Editor's letter: Struggling worker bees
While we worker bees were becoming more productive than ever, the economy underwent a fundamental transformation.
Let the good times roll! Stocks are booming, with the Dow Jones industrial average this week climbing to an all-time high. Corporate profits are soaring, and companies have piled up a record $1.4 trillion in available cash. It is, The New York Times said this week, “a golden age” for corporate profits. So are you feeling flush? Pocketing a fat raise? Didn’t think so. While we worker bees were becoming more productive than ever, the economy underwent a fundamental transformation. A rising tide now lifts only some boats. Globalization and technology have made everything cheaper, more abundant, and instantly available, but they’ve also made you and your labor less valuable. Raises have become…unnecessary. Since 2008, corporate earnings have risen 20 percent a year, while worker salaries have been flat. Even when companies expand, they don’t hire new workers. United Technologies, for example, has raised its annual revenues by $15 billion since 2005, but cut 4,000 workers last year and will cut 3,000 more this year. “Productivity,” the CEO explained.
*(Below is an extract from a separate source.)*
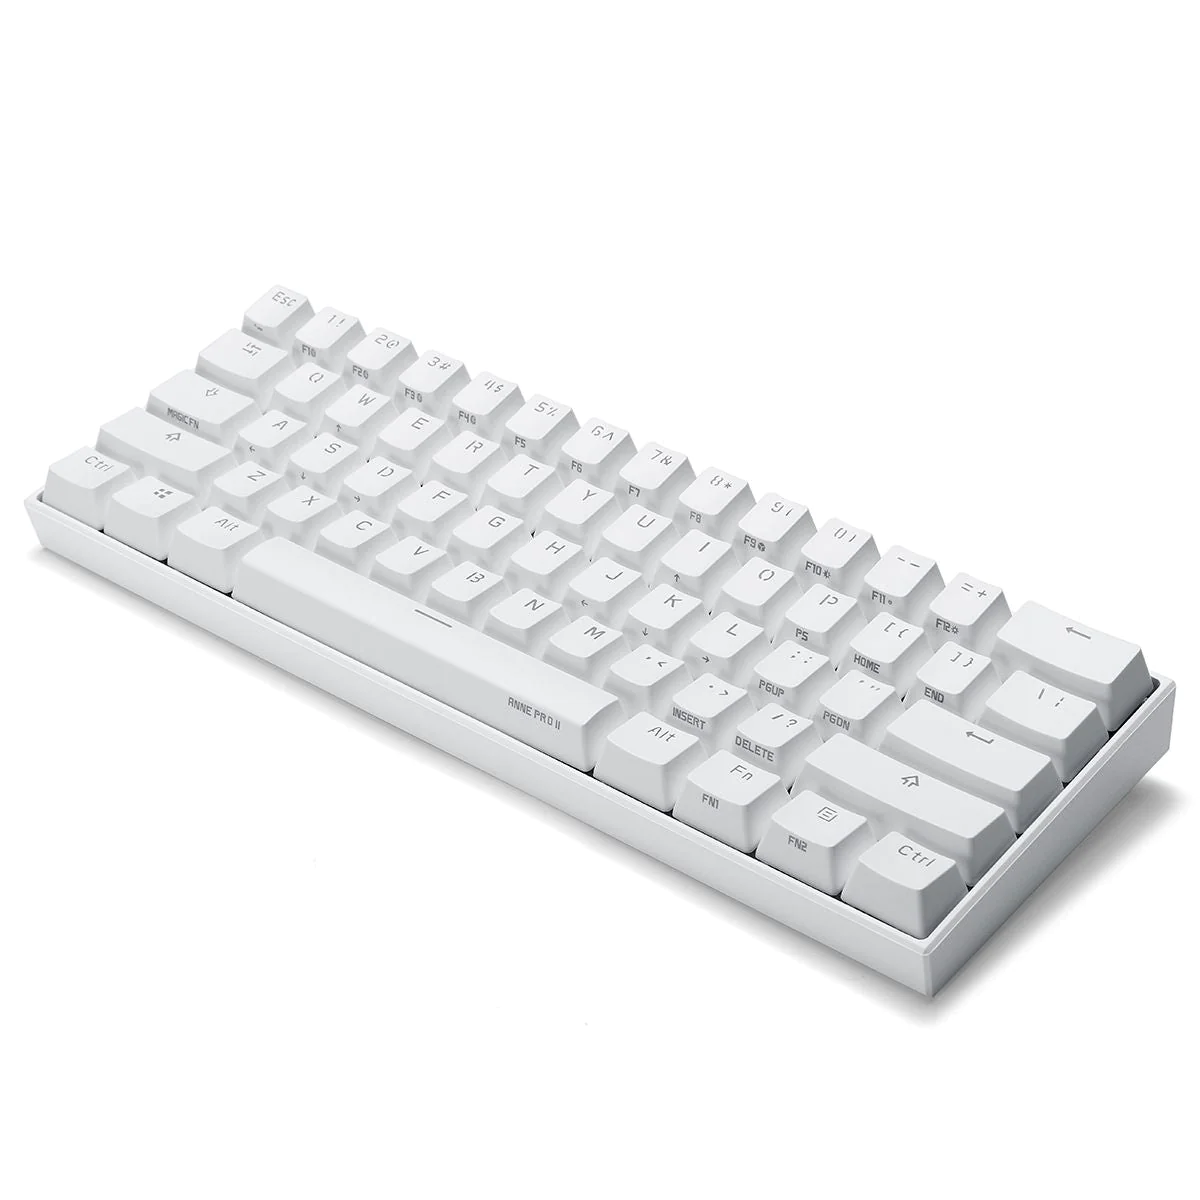 Anne Pro 2 60% Bluetooth Mechanical Keyboard White / Gateron Pro Brown

Ah, “productivity’’—a fine-sounding word. In practice, it means 11-hour days, working on weekends, skipped vacations. In practice, says a new survey by the American Psychological Association, it means that more than half the U.S. workforce feels underpaid and unappreciated, and a third suffers symptoms of chronic, work-induced stress. But how can a worker bee complain? Millions of unemployed Americans would gladly take their jobs for less pay, and so would millions of telecommuters in India, China, and Brazil. So let us briefly pause to marvel at the results of our productivity, and then get back to work. There is more honey to be made.